◆ Required work: The copy must match the data word for word and contain no pictures.

◆ Available data:

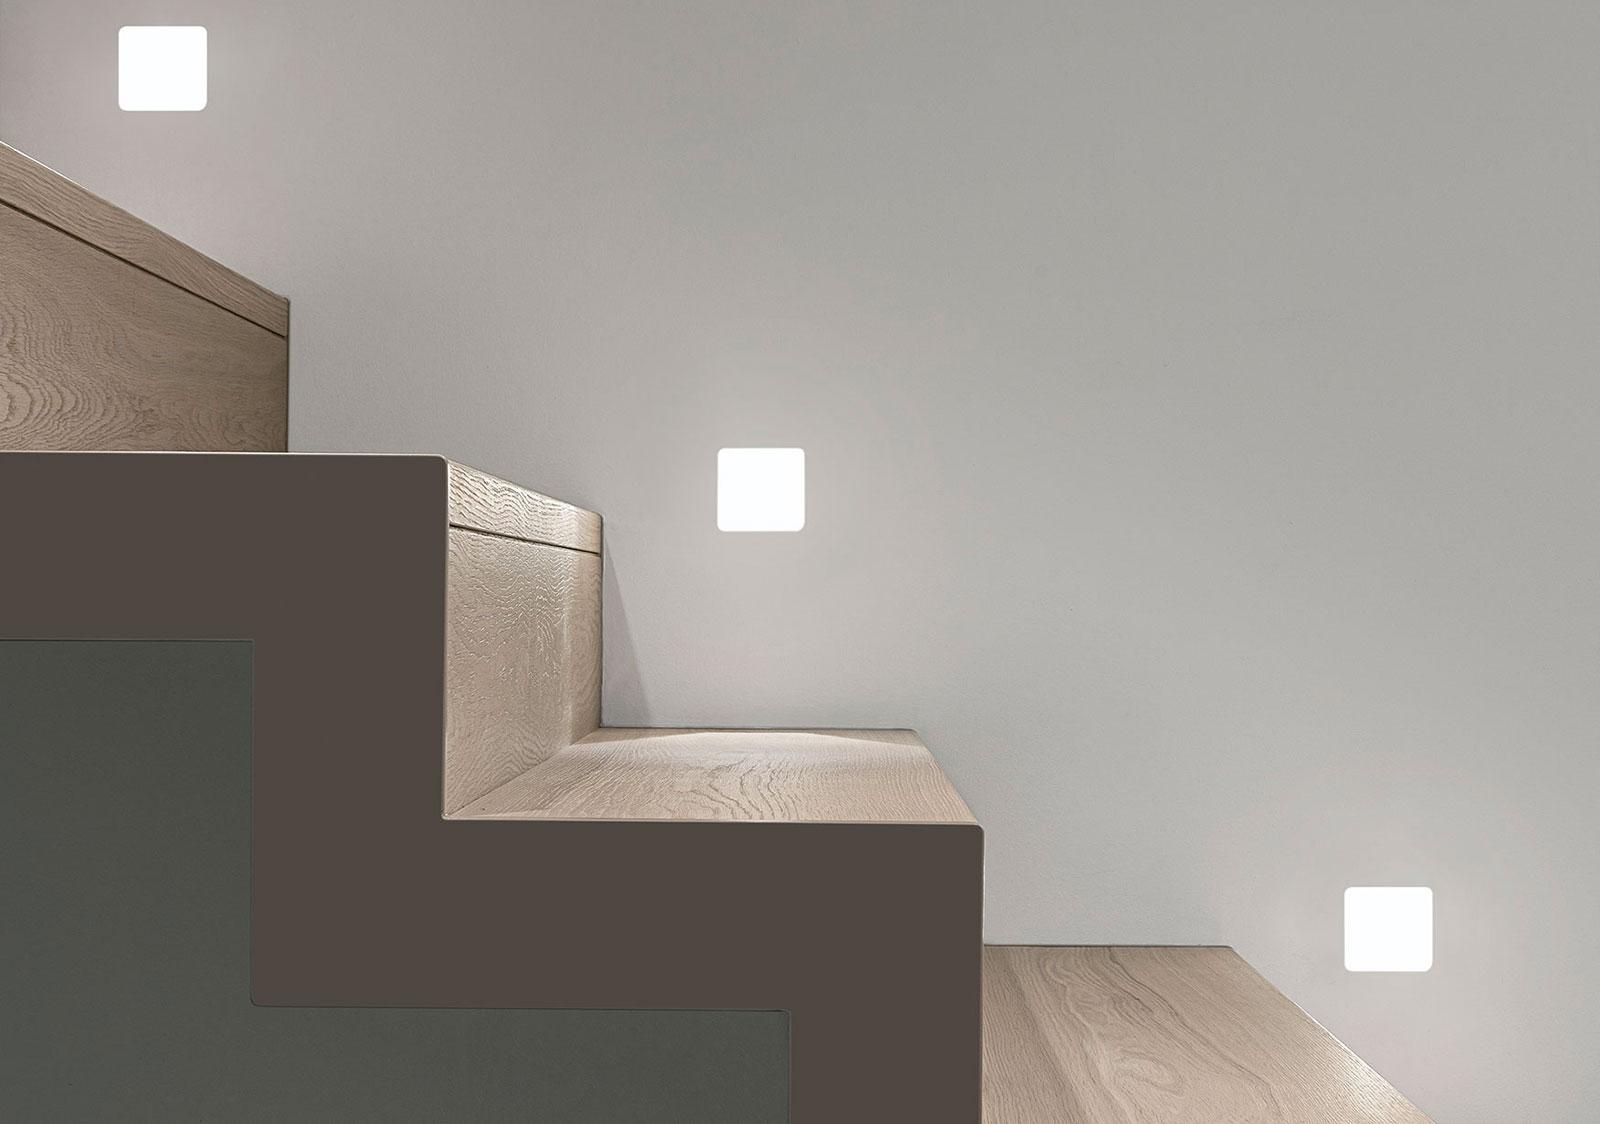 diffused light architecture - photo #14
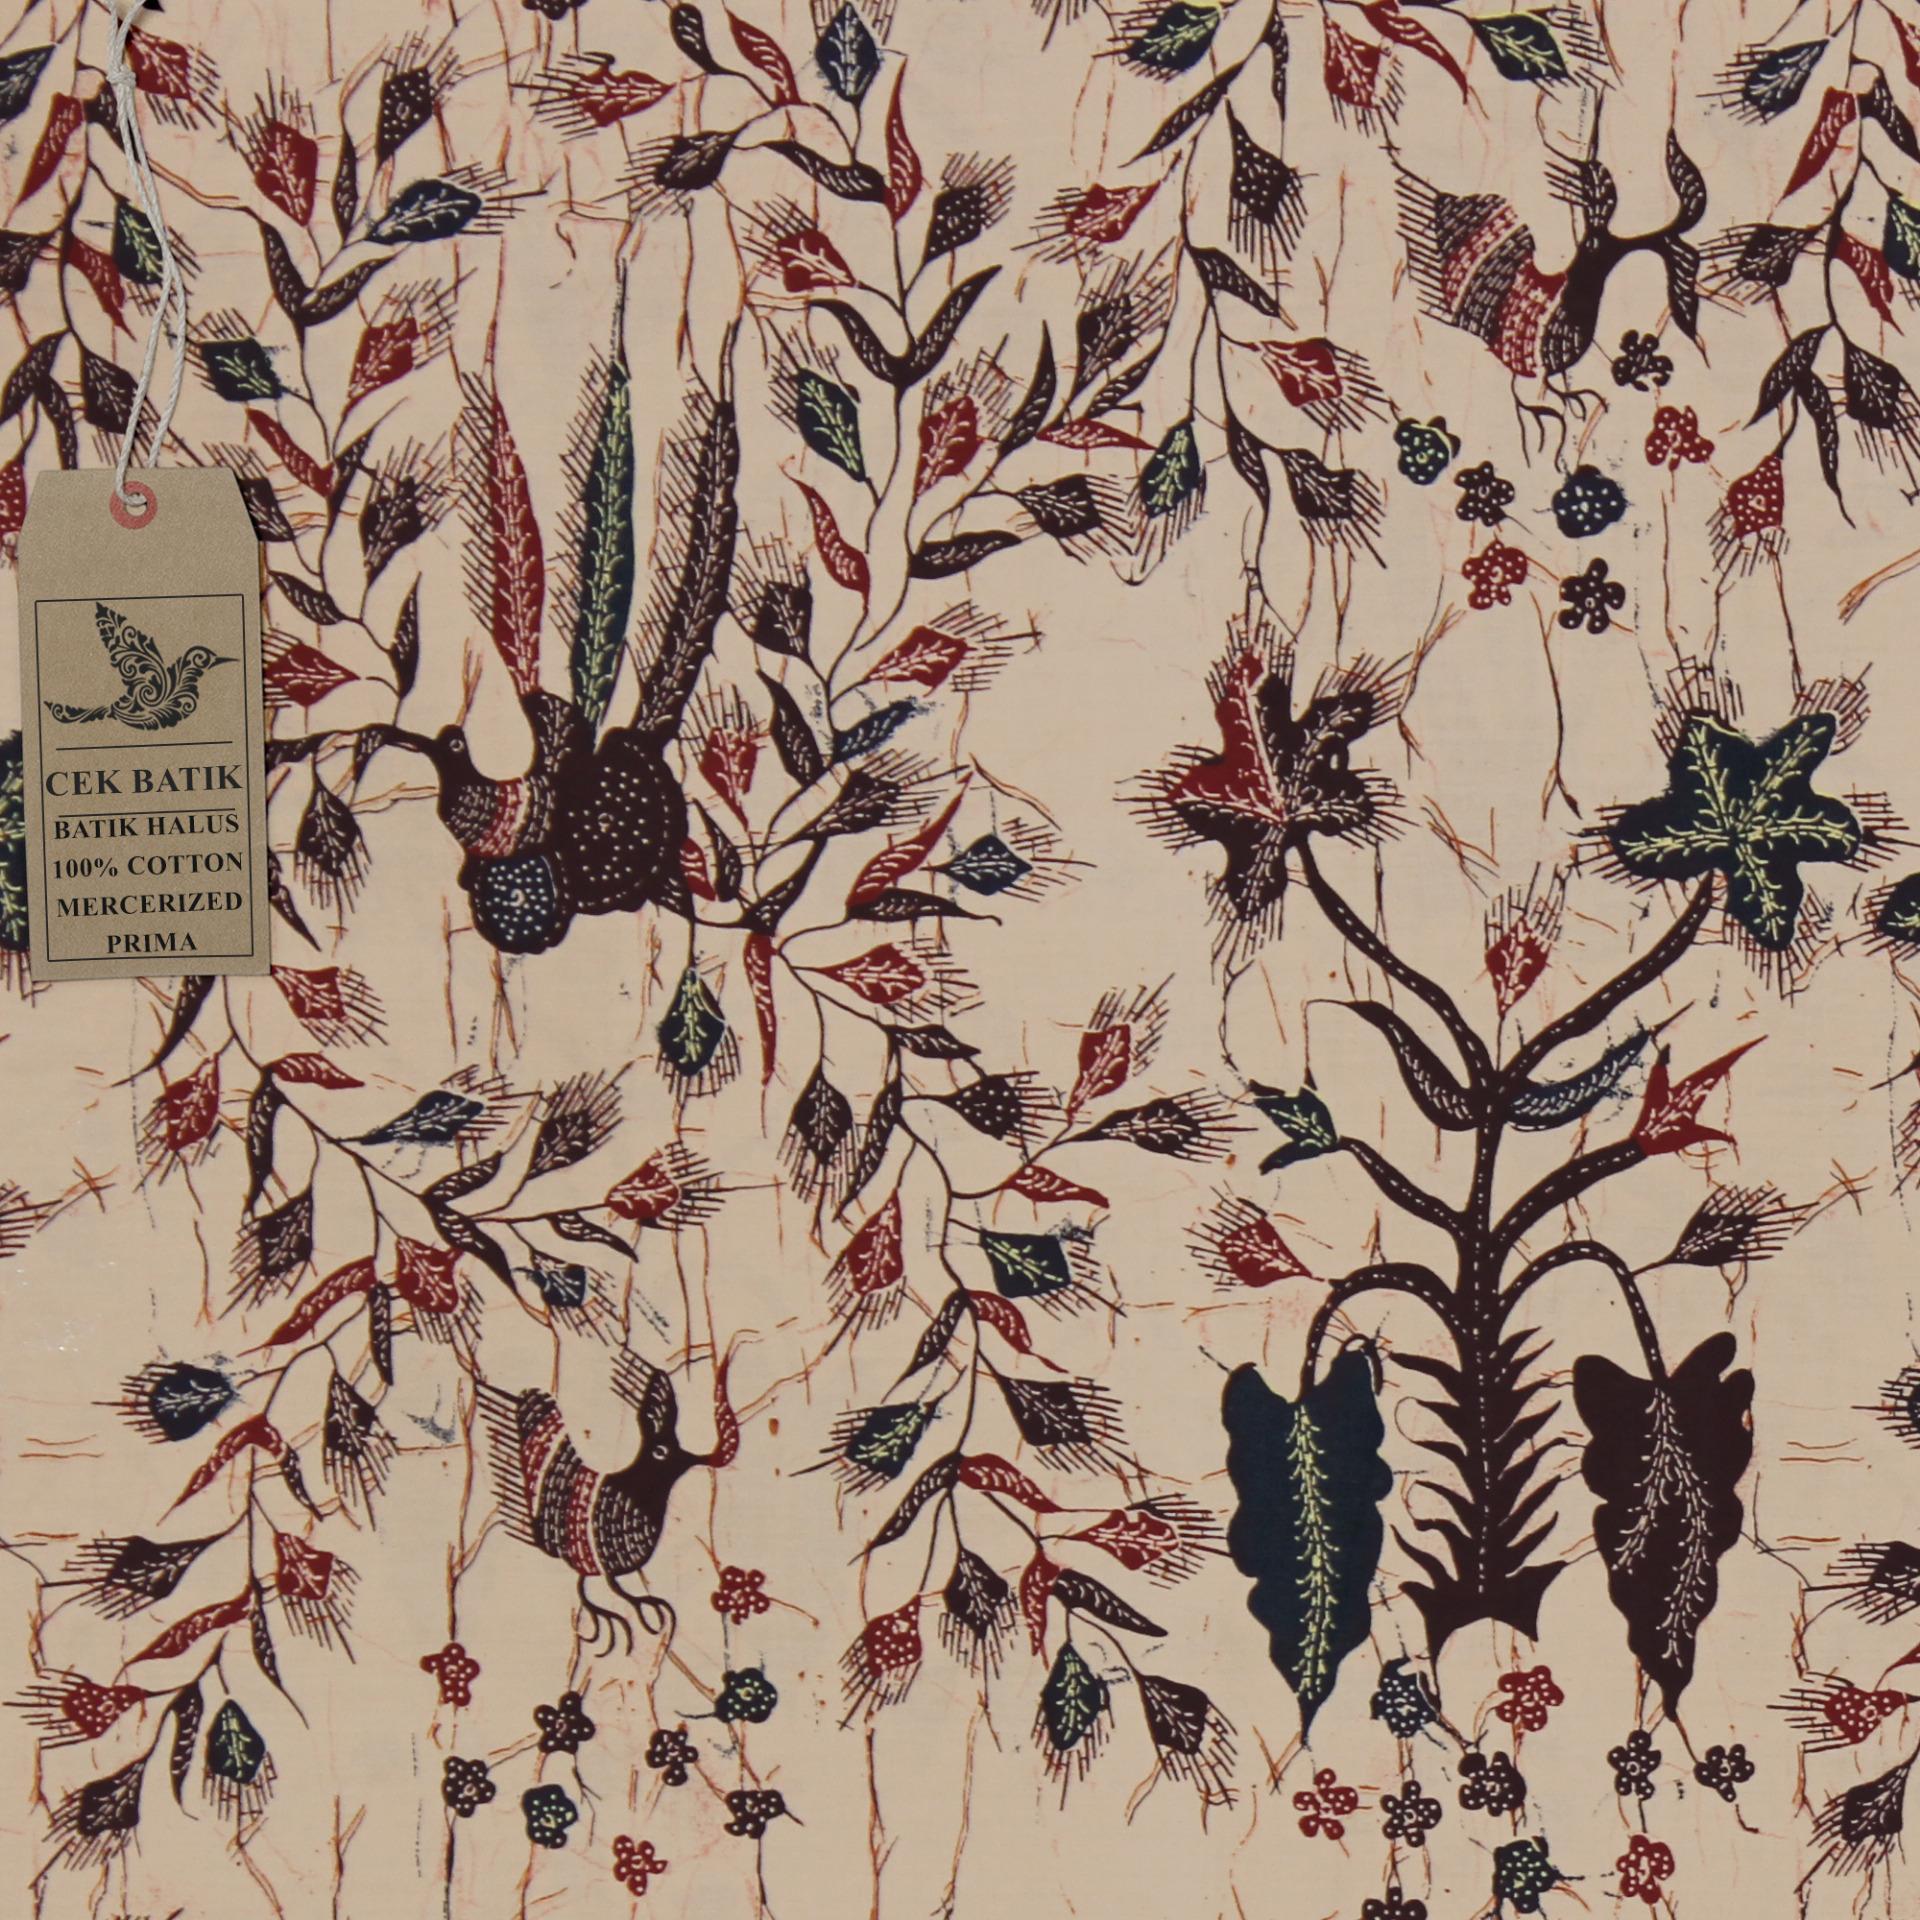 Cek Batik - Kain Batik Motif Unik Burung Sangkar Bunga Madura (Cream)
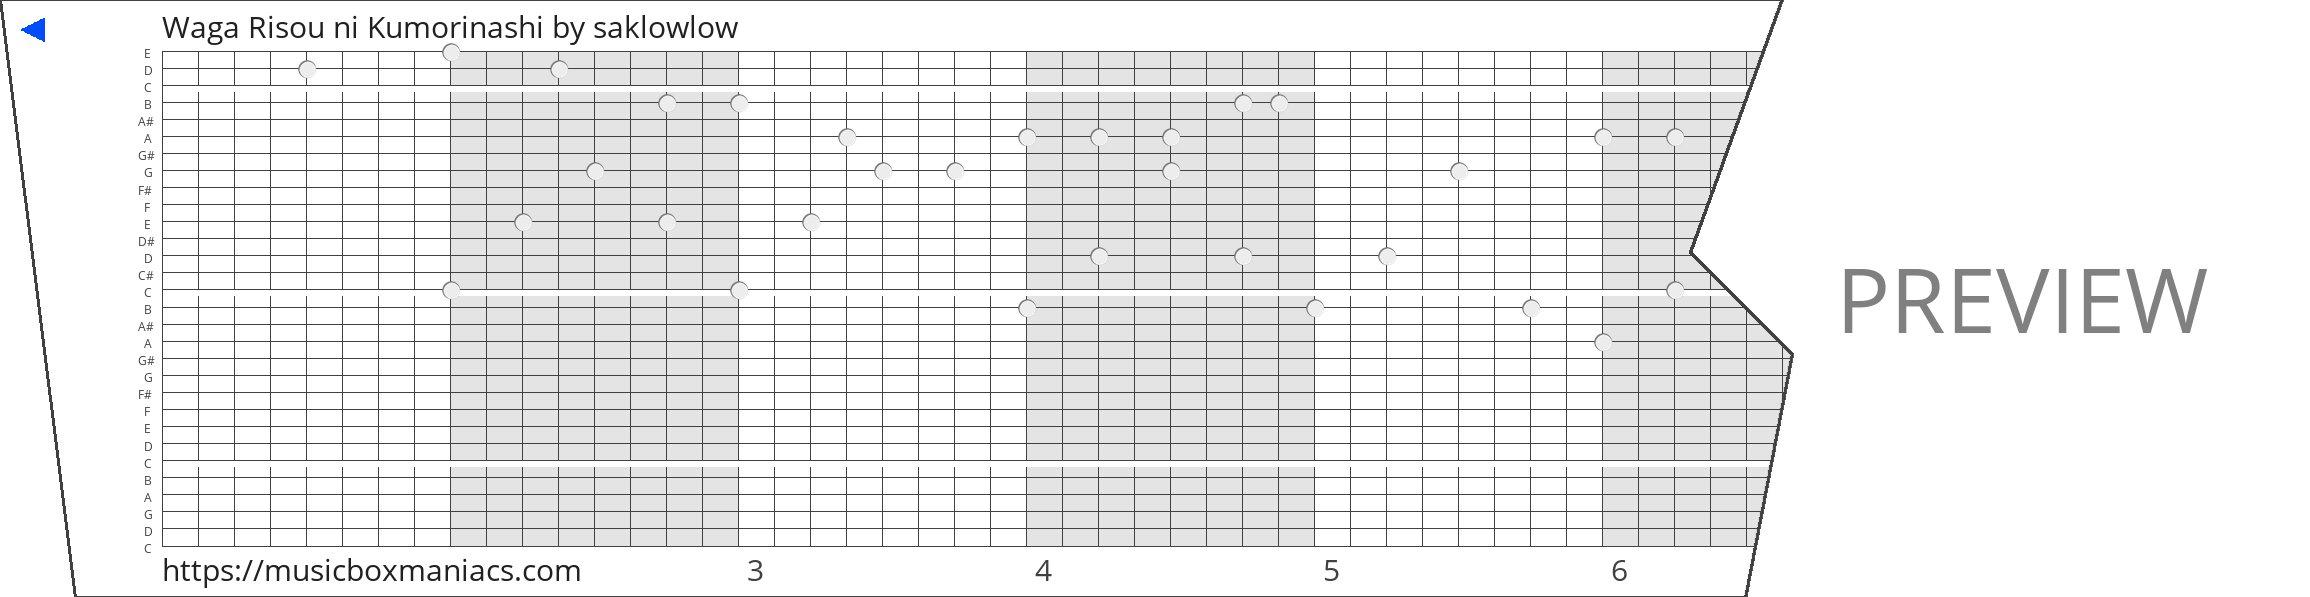 Waga Risou ni Kumorinashi 30 note music box paper strip

◆ Solution to this exercise:
 diffused light architecture - photo #14
 Cek Batik - Kain Batik Motif Unik Burung Sangkar Bunga Madura (Cream)
 Waga Risou ni Kumorinashi 30 note music box paper strip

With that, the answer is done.